Watermark: Marker indicating "all events before this timestamp have arrived" (approximately).
Window: Time-bounded aggregation (e.g., count transactions per 5-minute window).
Checkpoint: Snapshot of operator state + offset. Enables recovery without data loss.
Key Concepts
Idempotency: Same update applied twice = same result. Essential for at-least-once.
State Backend: Where operator state lives (in-memory, RocksDB, external store).
Savepoint: Manual snapshot for code updates or debugging.
Kafka Consumer Group: Multiple processes read partition, with offset management.
Exactly-Once via 2-Phase Commit: Coordinated commit between Kafka offset and sink.
Practical Example
- Python (Simulation)
- Go (Event Stream)
- Node.js (Event Stream)
from collections import defaultdict
from dataclasses import dataclass
from typing import Dict, List, Tuple
import heapq
import time
@dataclass
class Event:
event_id: str
event_time: int # seconds since epoch
value: float
processing_time: int = None # set when received
class StreamProcessor:
"""Simplified streaming processor with windowing and watermarks."""

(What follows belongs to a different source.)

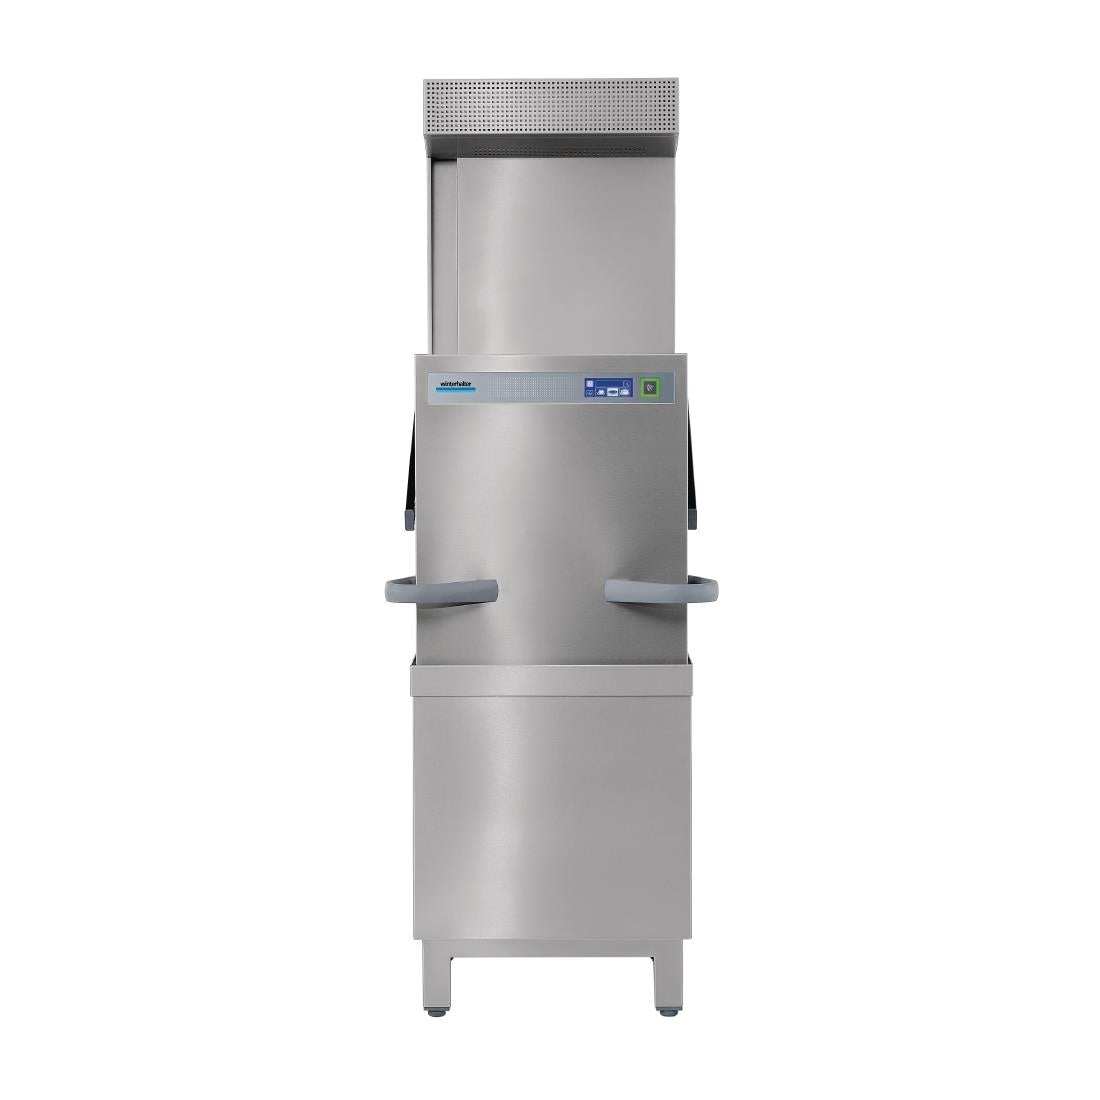 Winterhalter Pass Through Dishwasher PT-M-1 Energy with Install

def __init__(self, window_size_sec: int = 5, watermark_lag_sec: int = 2):
self.window_size = window_size_sec
self.watermark_lag = watermark_lag_sec
self.events: List[Event] = []
self.state: Dict[int, float] = defaultdict(float)
self.watermark_time = 0
self.offset = 0
self.checkpoint = {"offset": 0, "state": {}}
def ingest(self, event: Event):
"""Receive event and update watermark."""
event.processing_time = int(time.time())
self.events.append(event)
heapq.heappush(self.events, (event.event_time, event))
def watermark(self) -> int:
"""Calculate current watermark (max event_time - lag)."""
if not self.events:
return 0
max_event_time = max(e.event_time for e in self.events)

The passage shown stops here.